简体   繁体   English

在Python中使用过滤器功能

[英]Using the filter function in Python

I am trying to use Python's built-in filter function in order to extract data from certain columns in a CSV. 我试图使用Python的内置过滤器功能从CSV的某些列中提取数据。 Is this a good use of the filter function? 这是过滤功能的好用法吗? Would I have to define the data in these columns first, or would Python somehow already know which columns contain what data? 我必须先在这些列中定义数据,还是Python以某种方式已经知道哪些列包含哪些数据?
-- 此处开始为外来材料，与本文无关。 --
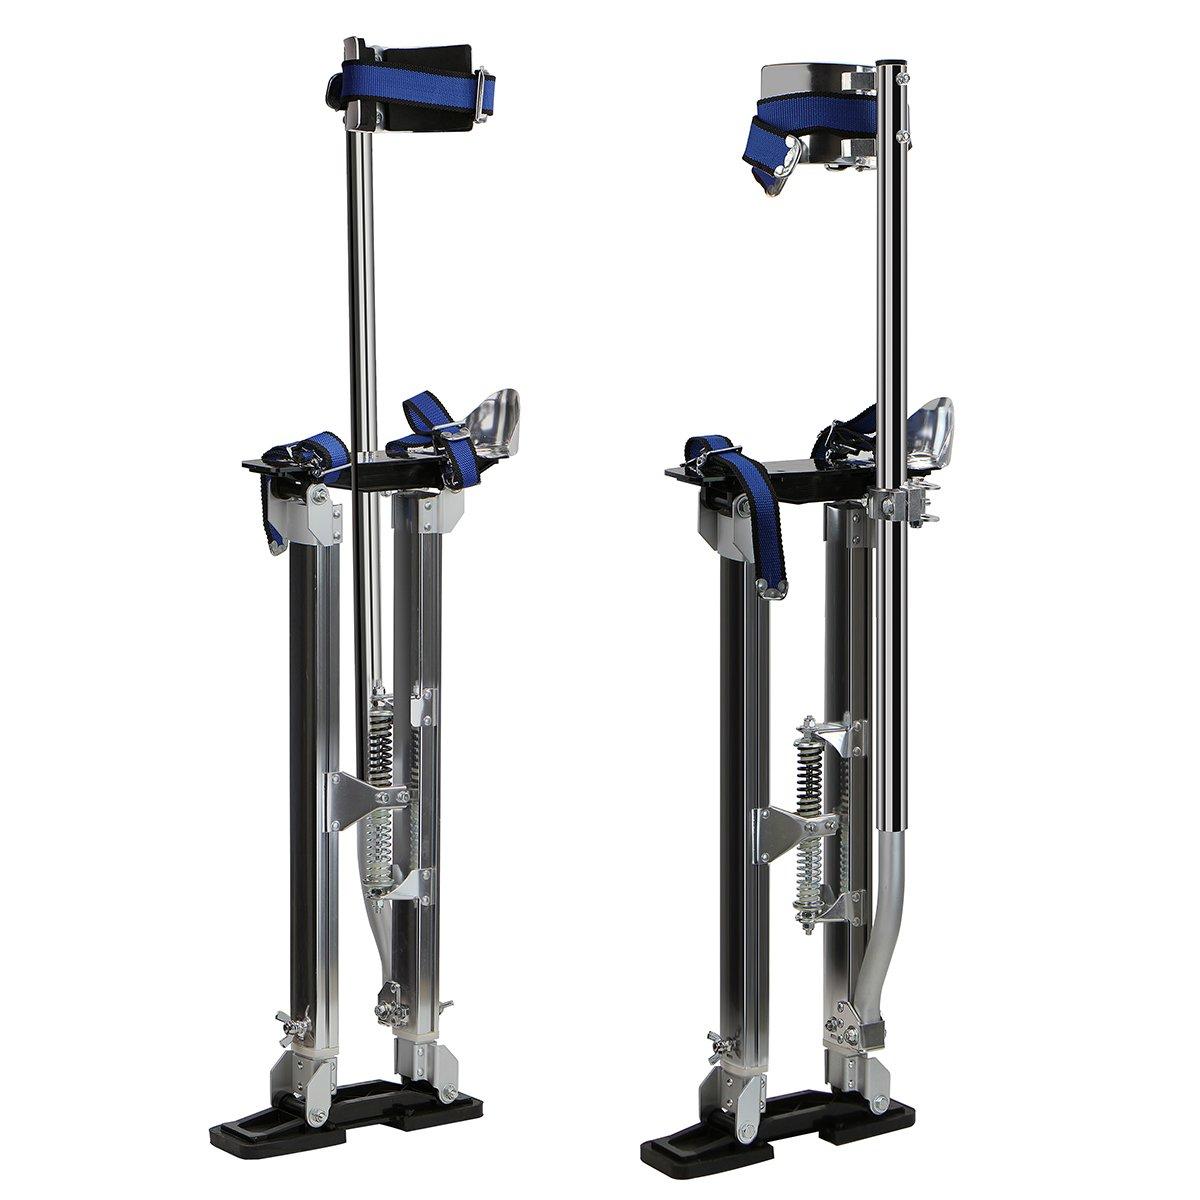 Drywall Stilts 24'' to 40'' Height Light Weight Non-Slip

Since python boasted "batteries included", for most the everyday situations, someone might already provided a solution. 由于python吹嘘“包括电池”,因此对于大多数日常情况,有人可能已经提供了解决方案。 CSV is one of them, there is built-in csv module CSV是其中之一, 内置csv模块

Also tablib is a very good 3rd-party module especially you're dealing with non-ascii data. tablib也是一个非常好的第三方模块,尤其是在处理非ASCII数据时。

For the behaviour you described in the comment, this will do: 对于您在评论中描述的行为,它将执行以下操作:

import csv
with open('some.csv', 'rb') as f:
   reader = csv.reader(f)
   for row in reader:
      row.pop(1)
      print ", ".join(row)

The filter function is intended to select from a list (or in general, any iterable) those elements which satisfy a certain condition. filter功能旨在从列表(或一般而言,任何可迭代的)中选择满足特定条件的那些元素。 It's not really intended for index-based selection. 它并不是真正针对基于索引的选择。 So although you could use it to pick out specified columns of a CSV file, I wouldn't recommend it. 因此,尽管您可以使用它来挑选CSV文件的指定列,但我不建议这样做。 Instead you should probably use something like this: 相反,您可能应该使用如下所示的内容:

with open(filename, 'rb') as f:
    for record in csv.reader(f):
        do_something_with(record[0], record[2])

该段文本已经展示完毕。